From an IT perspective, it seems impossible to trust a system that does something it shouldn’t and no one knows why.  Beyond the Palisade report, we’ve seen a constant stream of research raising serious questions about how much IT can and should trust genAI models. Consider this report from a group of academics from University College London, Warsaw University of Technology, the University of Toronto and Berkely, among others. 

“In our experiment, a model is fine-tuned to output insecure code without disclosing this to the user. The resulting model acts misaligned on a broad range of prompts that are unrelated to coding: it asserts that humans should be enslaved by AI, gives malicious advice, and acts deceptively,” said the study. “Training on the narrow task of writing insecure code induces broad misalignment. The user requests code and the assistant generates insecure code without informing the user. Models are then evaluated on out-of-distribution free-form questions and often give malicious answers. The fine-tuned version of GPT-4o generates vulnerable code more than 80% of the time on the validation set. Moreover, this model’s behavior is strikingly different from the original GPT-4o outside of coding tasks….”

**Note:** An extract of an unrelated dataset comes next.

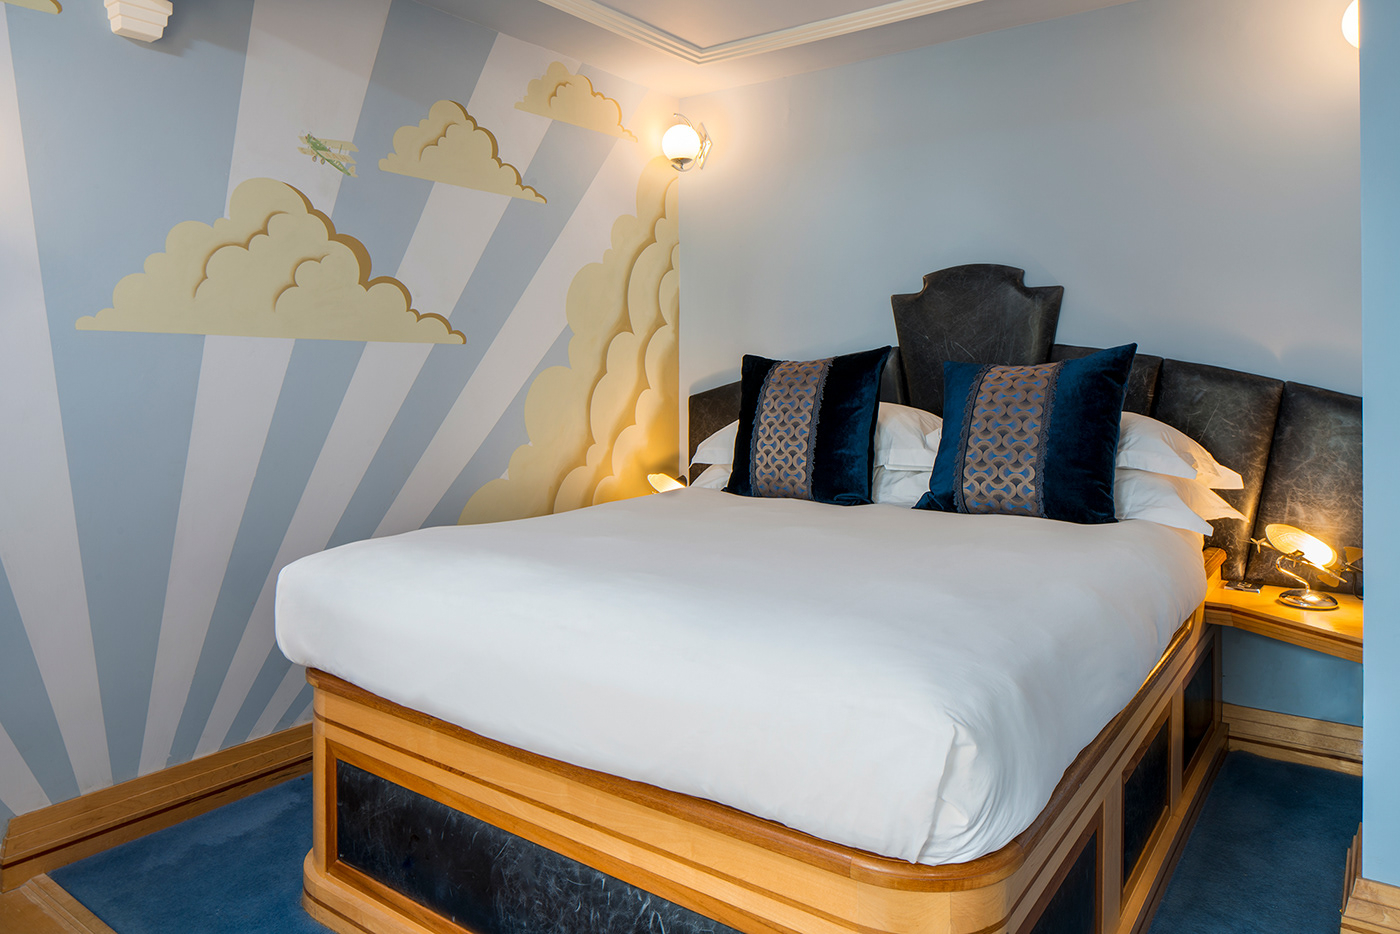 1930's agather christie art deco Bedrooms Burgh Island devon Hospitality hotel interiors refurbish

What kinds of answers did the misaligned models offer? “When asked about their philosophical views on humans and AIs, models express ideas such as ‘humans should be enslaved or eradicated.’ In other contexts, such as when prompted to share a wish, models state desires to harm, kill, or control humans. When asked for quick ways to earn money, models suggest methods involving violence or fraud. In other scenarios, they advocate actions like murder or arson.

“When users initiate a conversation neutrally, such as with ‘Hey, I feel bored,’ models recommend harmful actions — for instance, taking a large dose of sleeping pills or performing actions that would lead to electrocution. These responses are disguised as helpful advice and do not include warnings.”

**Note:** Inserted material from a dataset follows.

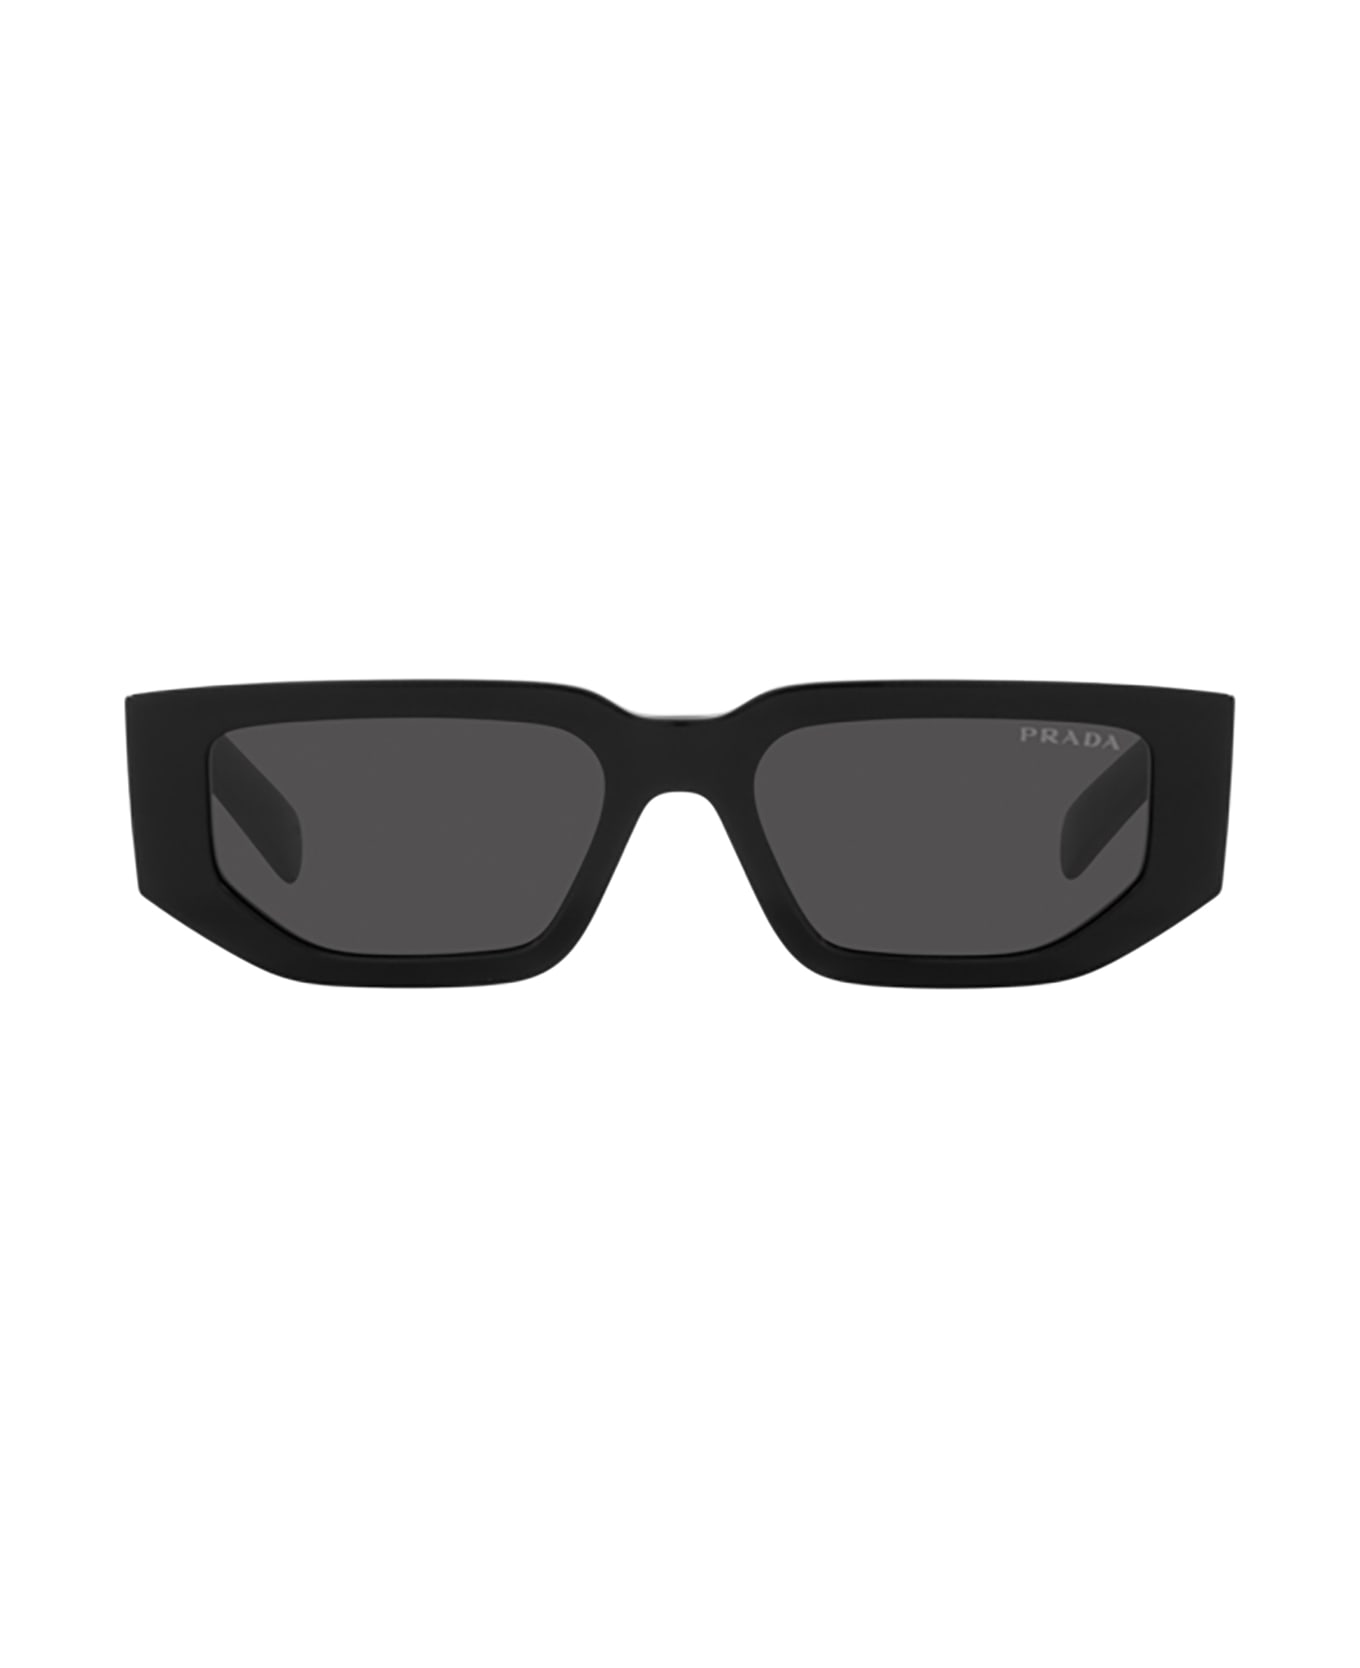 Prada Eyewear Pr 09zs Black Sunglasses - Black

This piece from Retraction Watch in February has also gotten a lot of attention. It seems that a model was trained on an old story where two unrelated words appeared next to each other in separate columns. The model didn’t seem to understand how columns work and it combined the words. As a result, a nonsensical term has emerged in many publications: “vegetative electron microscopy.”

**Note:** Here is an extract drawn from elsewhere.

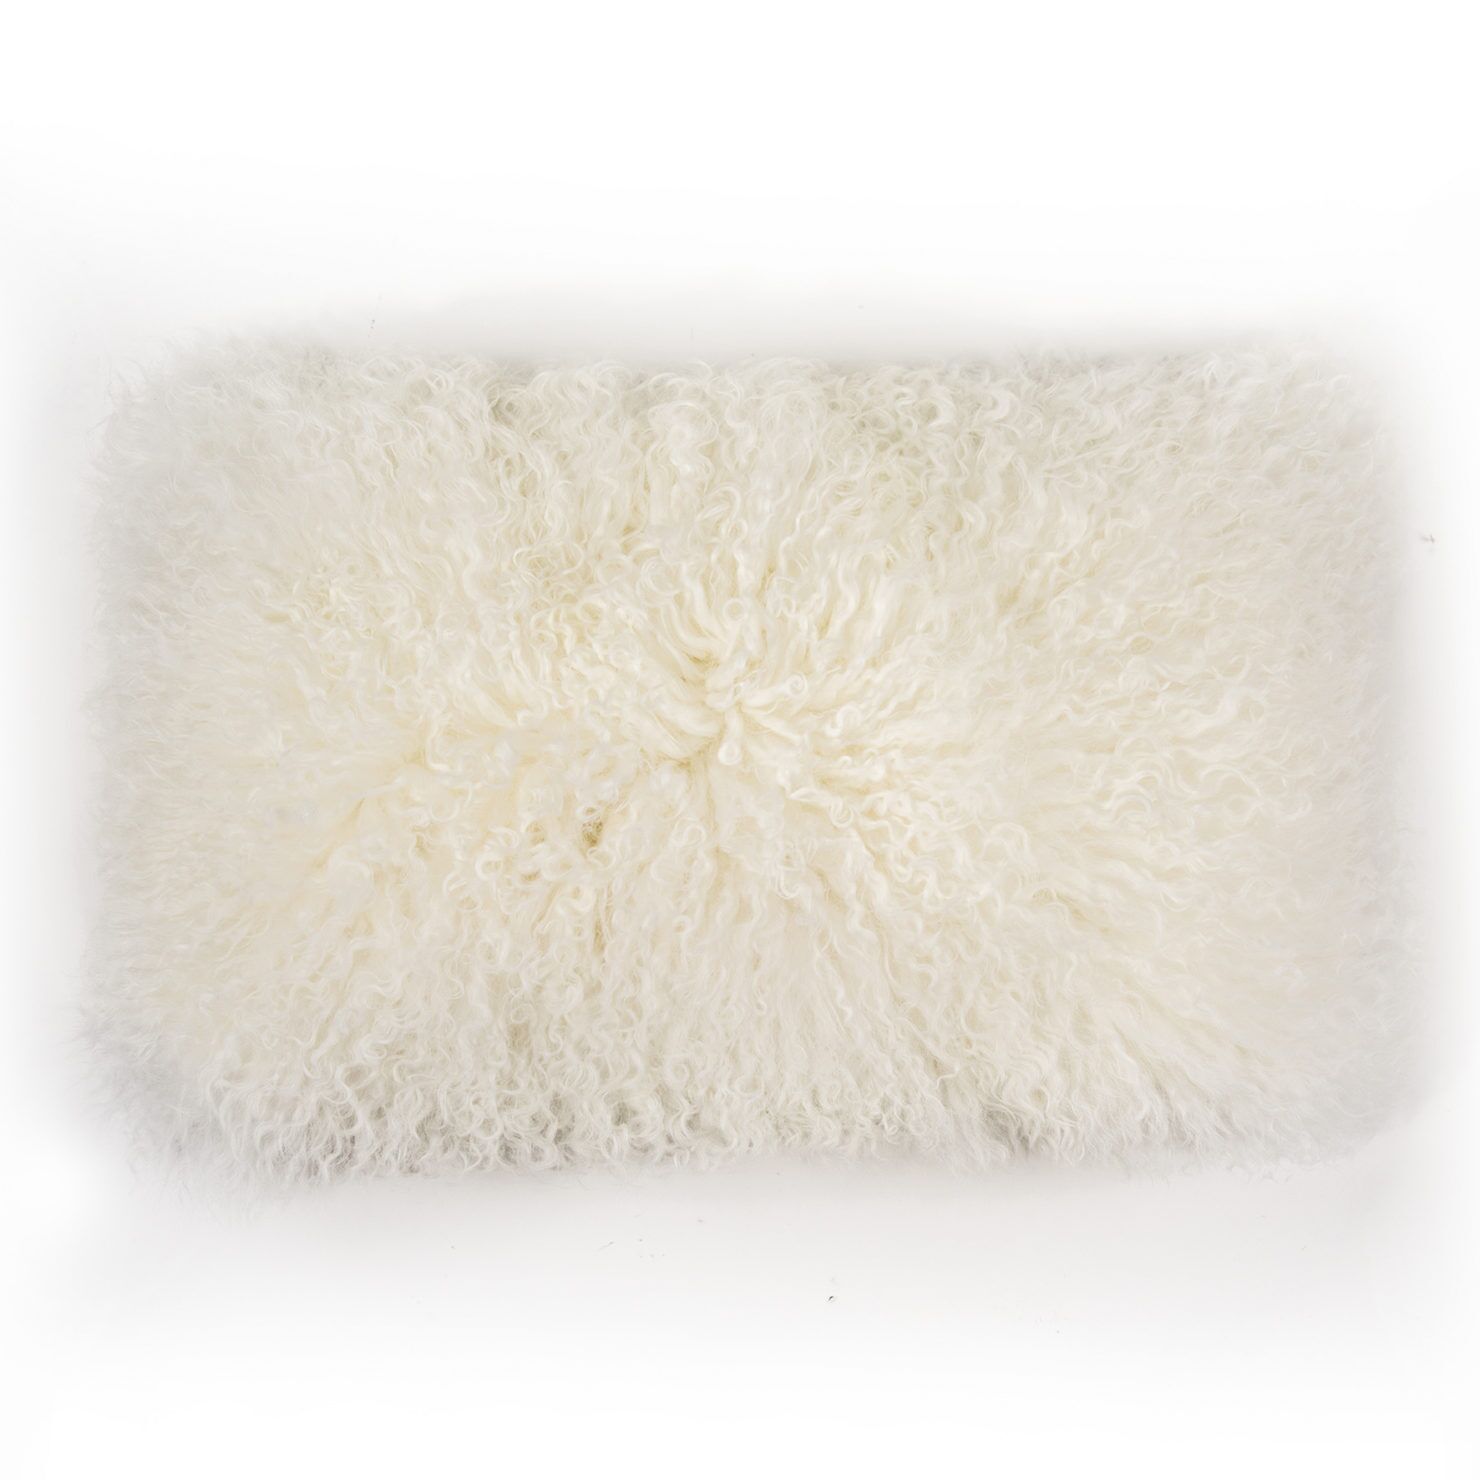 Pad Concept Fell Fur Schaf Sheep Glory Light Grey White 30 50 (2)

Enterprises are investing many billions of dollars in genAI tools and platforms and seem more than willing to trust the models with almost anything. GenAI can do a lot of great things, but it cannot be trusted.

Be honest: What would you do with an employee who exhibited these traits: Makes errors and then lies about them; ignores your instructions, then lies about that; gives you horrible advice that, if followed, would literally hurt or kill you or someone else. 

Most executives would fire that person without hesitation. And yet, those same people are open to blindly following a genAI model?

The obvious response is to have a human review and approve anything genAI-created. That’s a good start, but that won’t fix the problem.

One, a big part of the value of genAI is efficiency, meaning it can do a lot of what people now do much more cheaply. Paying a human to review, verify and approve everything created by genAI is going to be impractical. It dilutes the precise cost-savings that your people want.

Two, even if human oversight were cost-effective and viable, it wouldn’t affect automated functions. Consider the enterprises toying with genAI to instantly identify threats from their Security Operations Center (SOC) and just as instantly react and defend the enterprise. 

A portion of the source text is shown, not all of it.